- RAW DATA
======

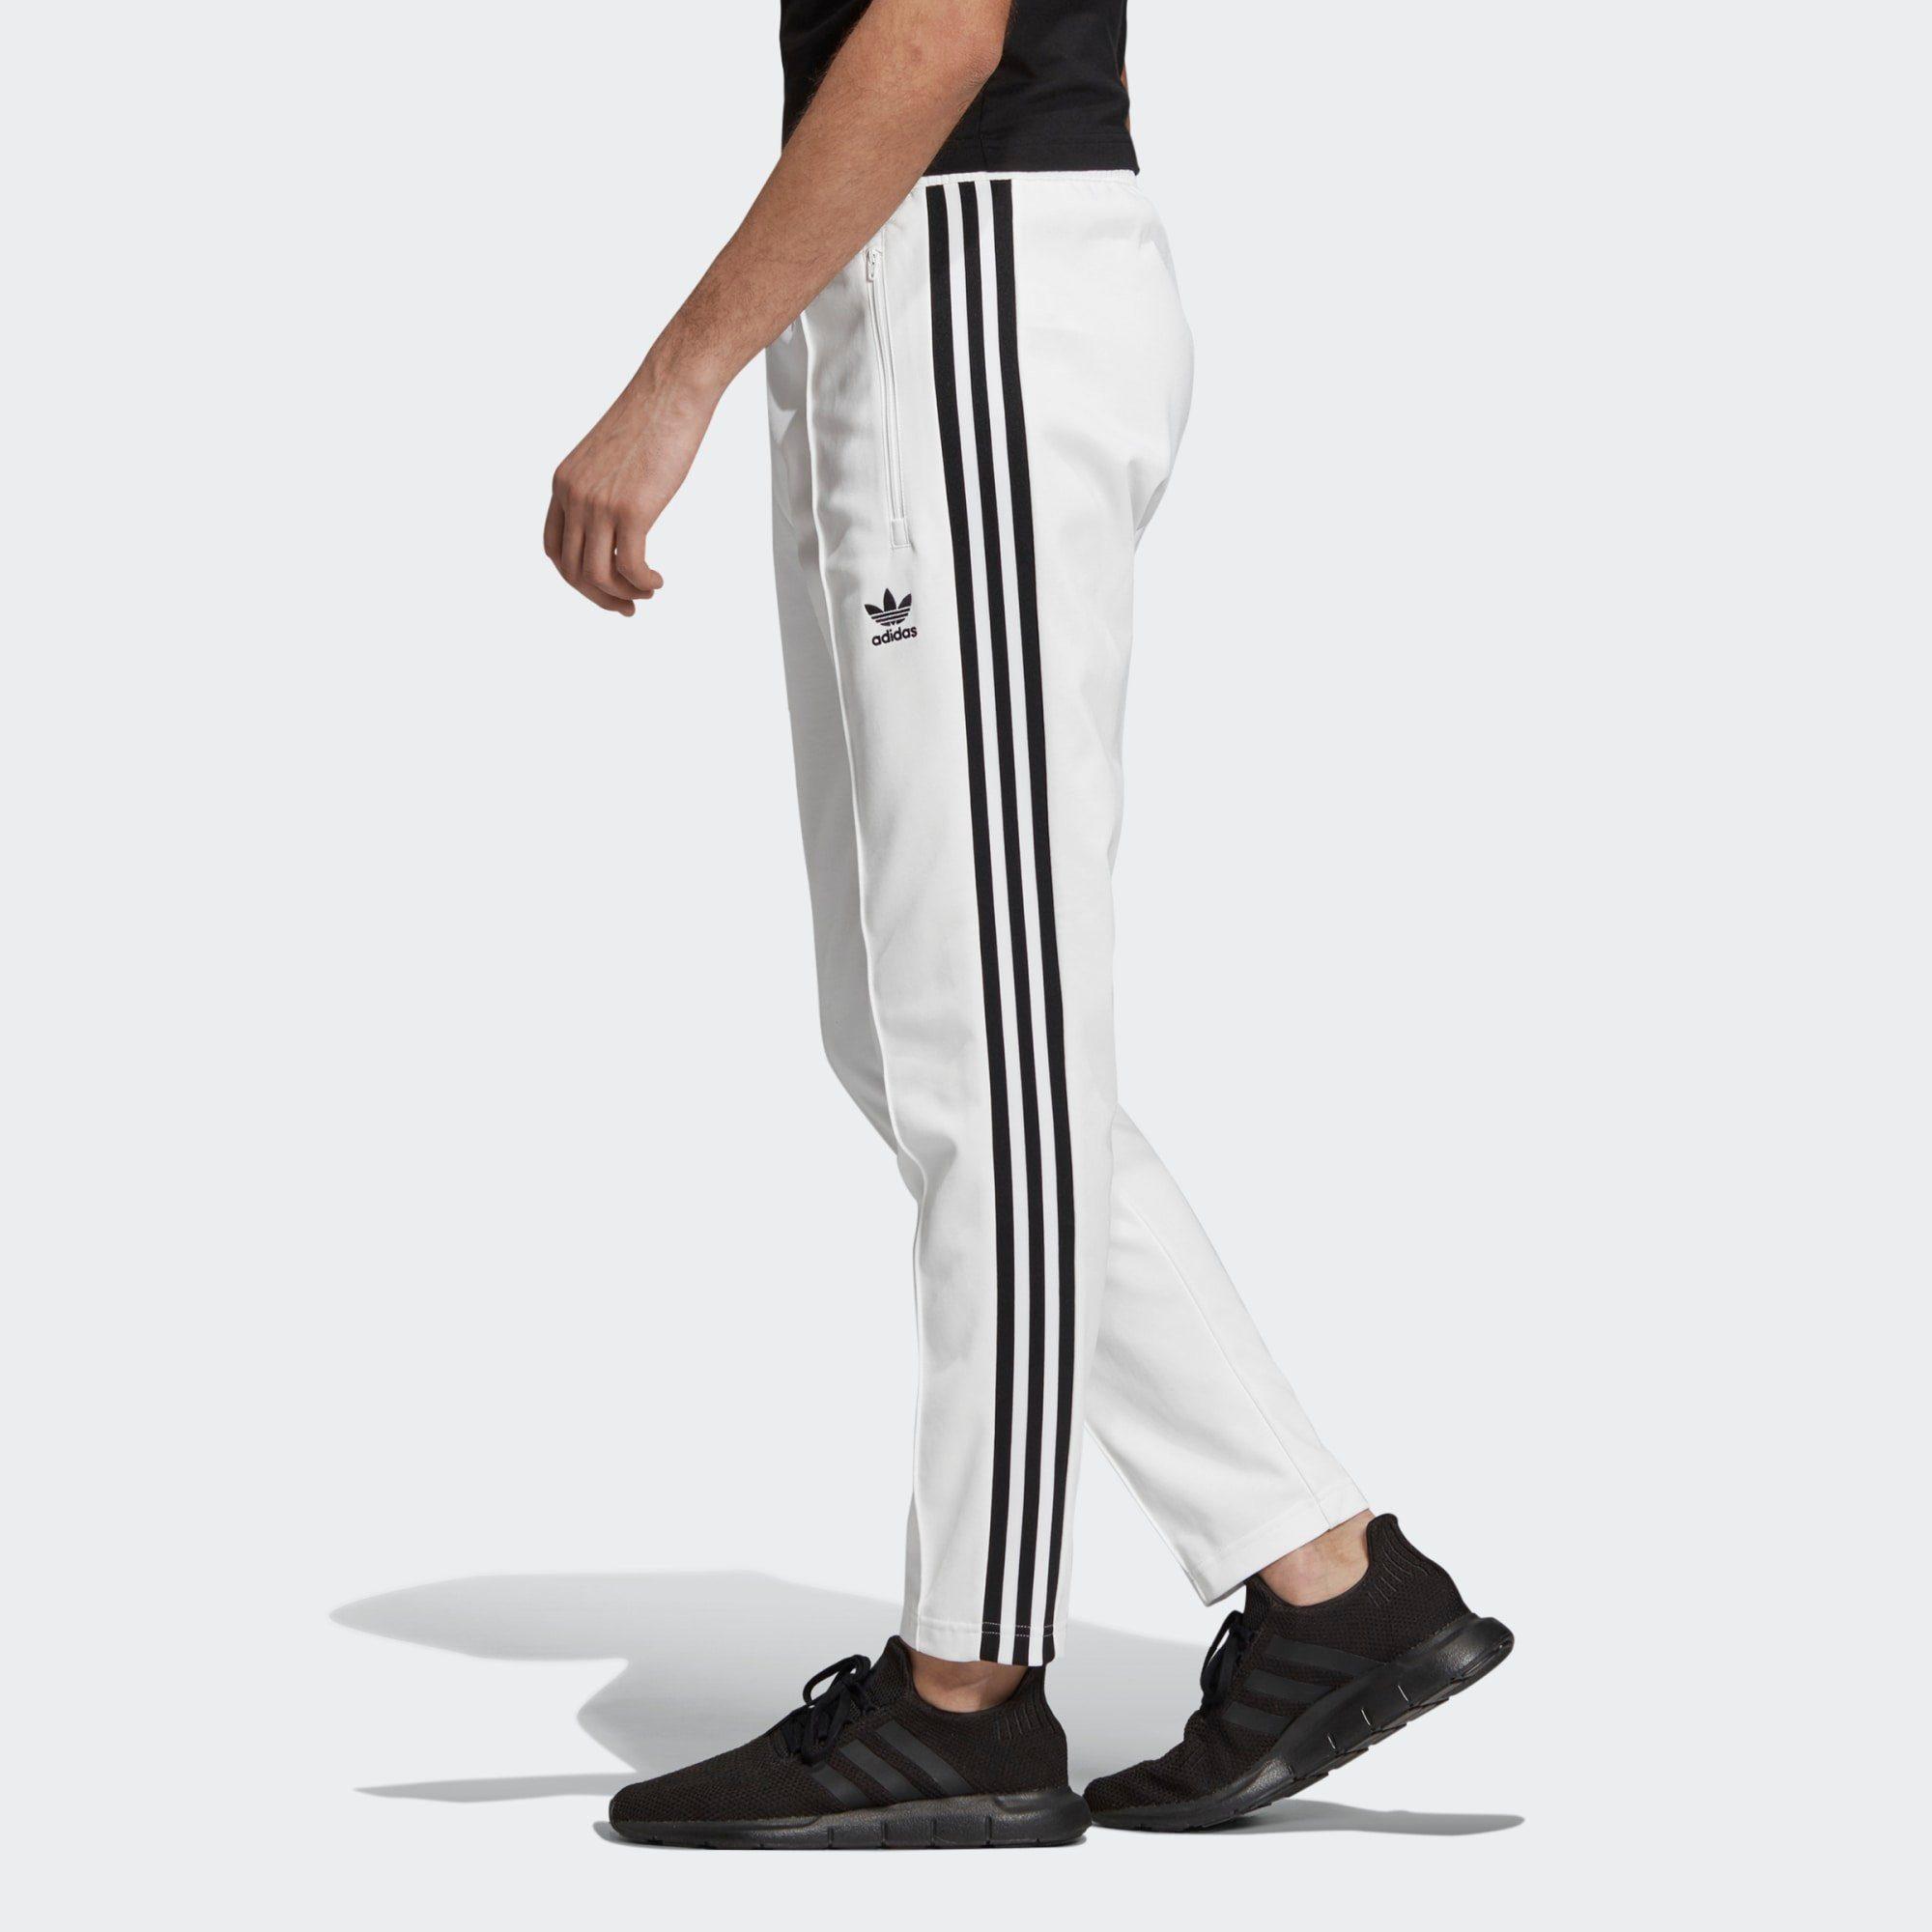 ADIDAS ORIGINALS BB Trainingshose Herren Pants;Tracksuits
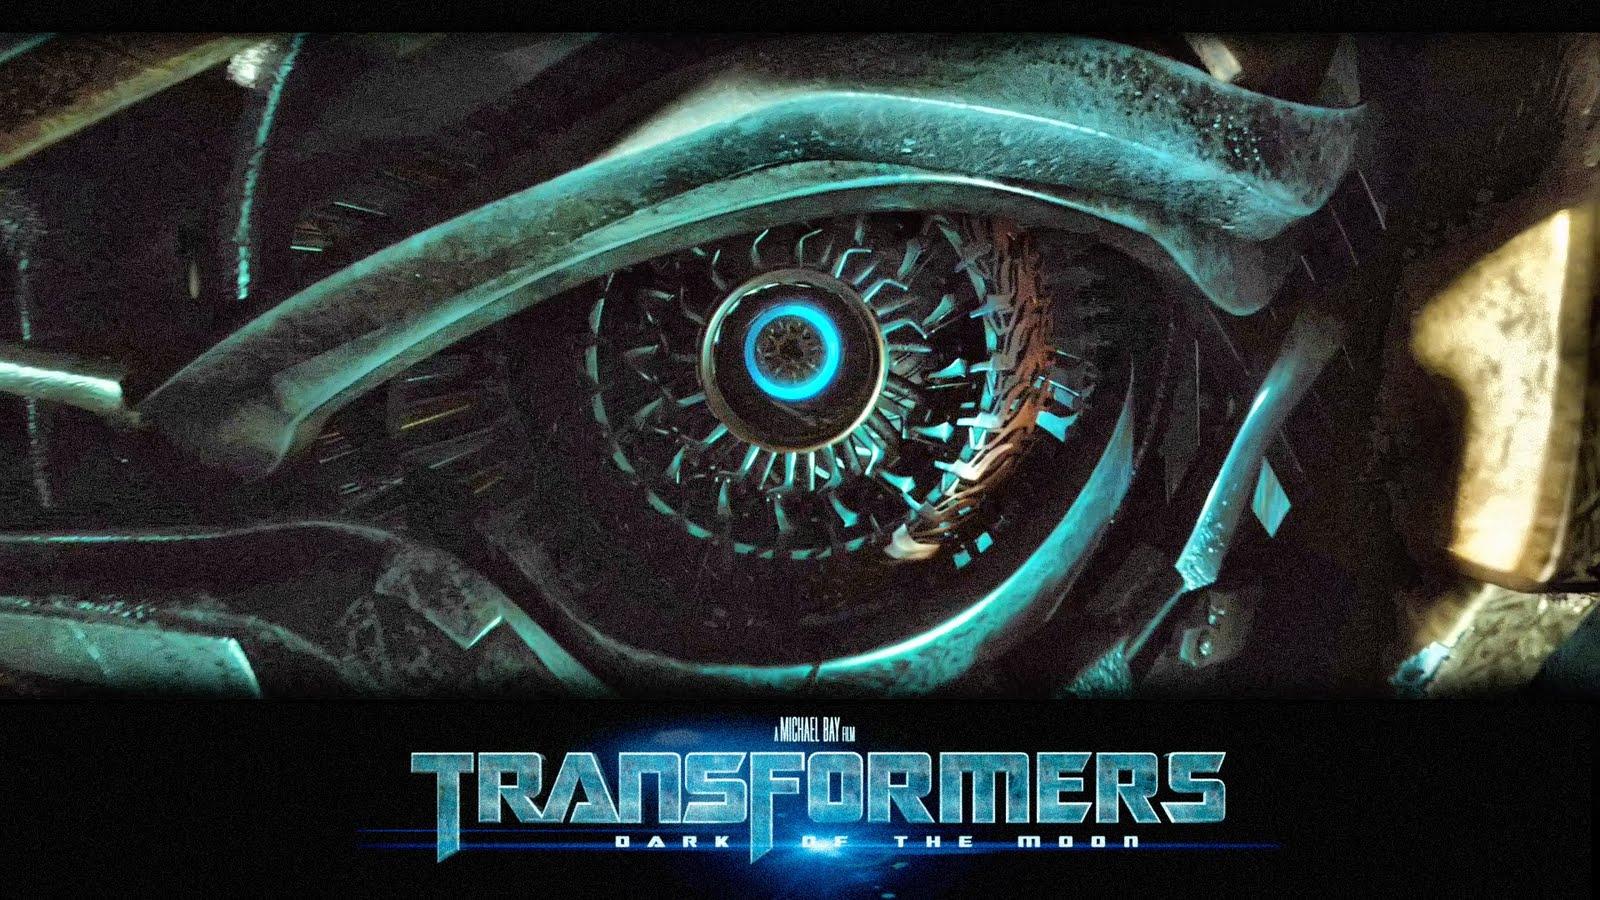 Gambar Wallpaper 3d Transformers Gambar Dp Bbm
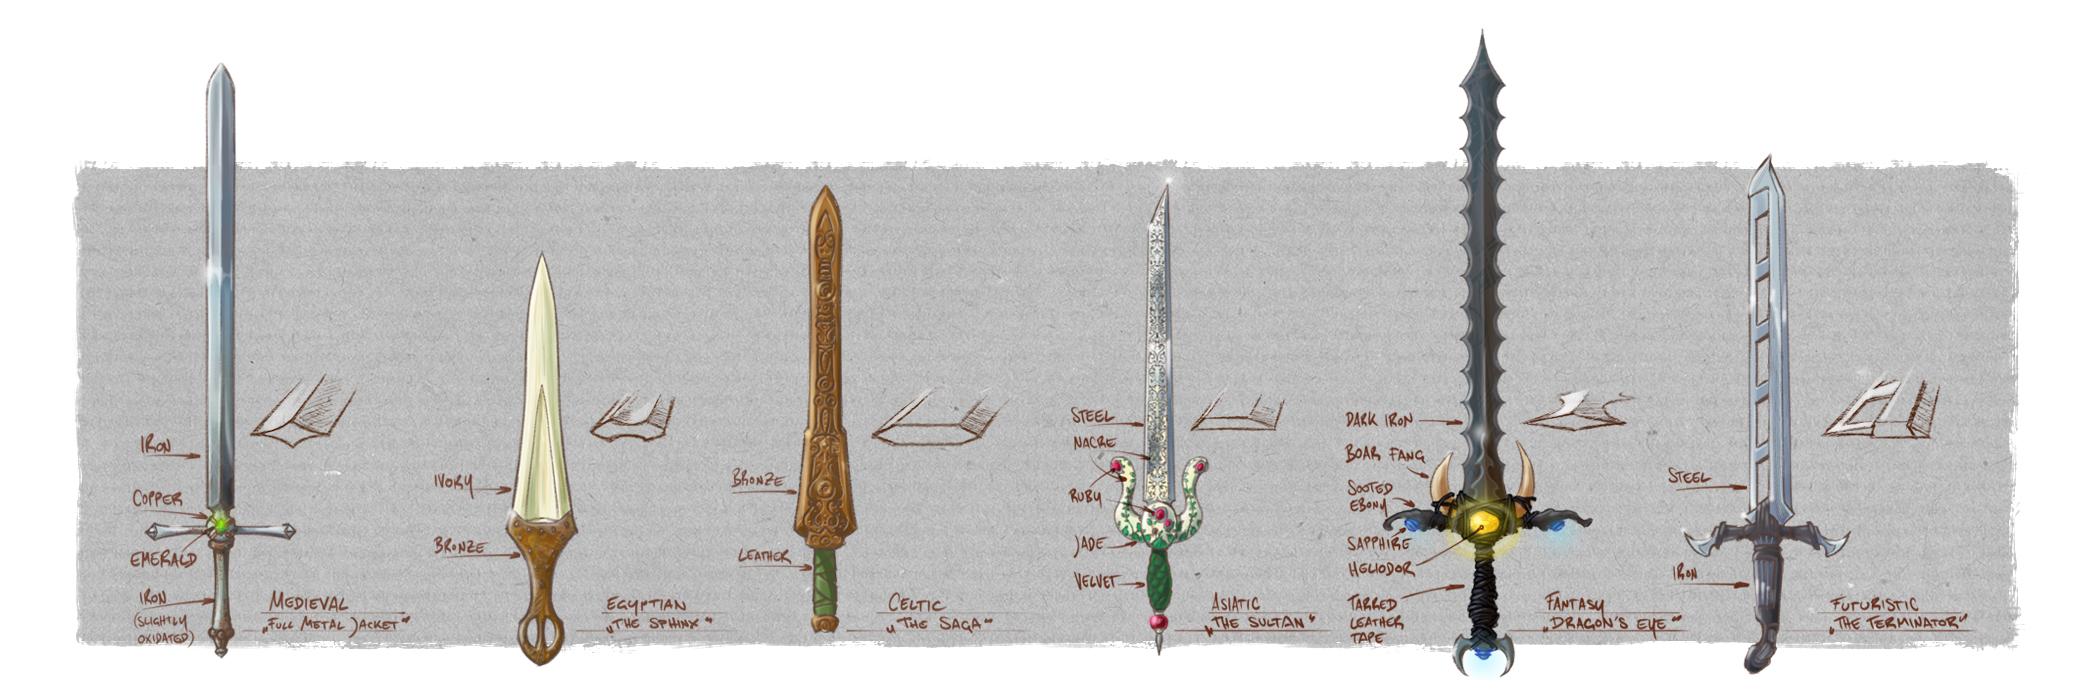 Prop Design of swords for a Dungeon Crawler

======

- THE PROBLEM
Reproduce the data above exactly, leaving out any picture in it.

- TASK ANSWER
 ADIDAS ORIGINALS BB Trainingshose Herren Pants;Tracksuits
 Gambar Wallpaper 3d Transformers Gambar Dp Bbm
 Prop Design of swords for a Dungeon Crawler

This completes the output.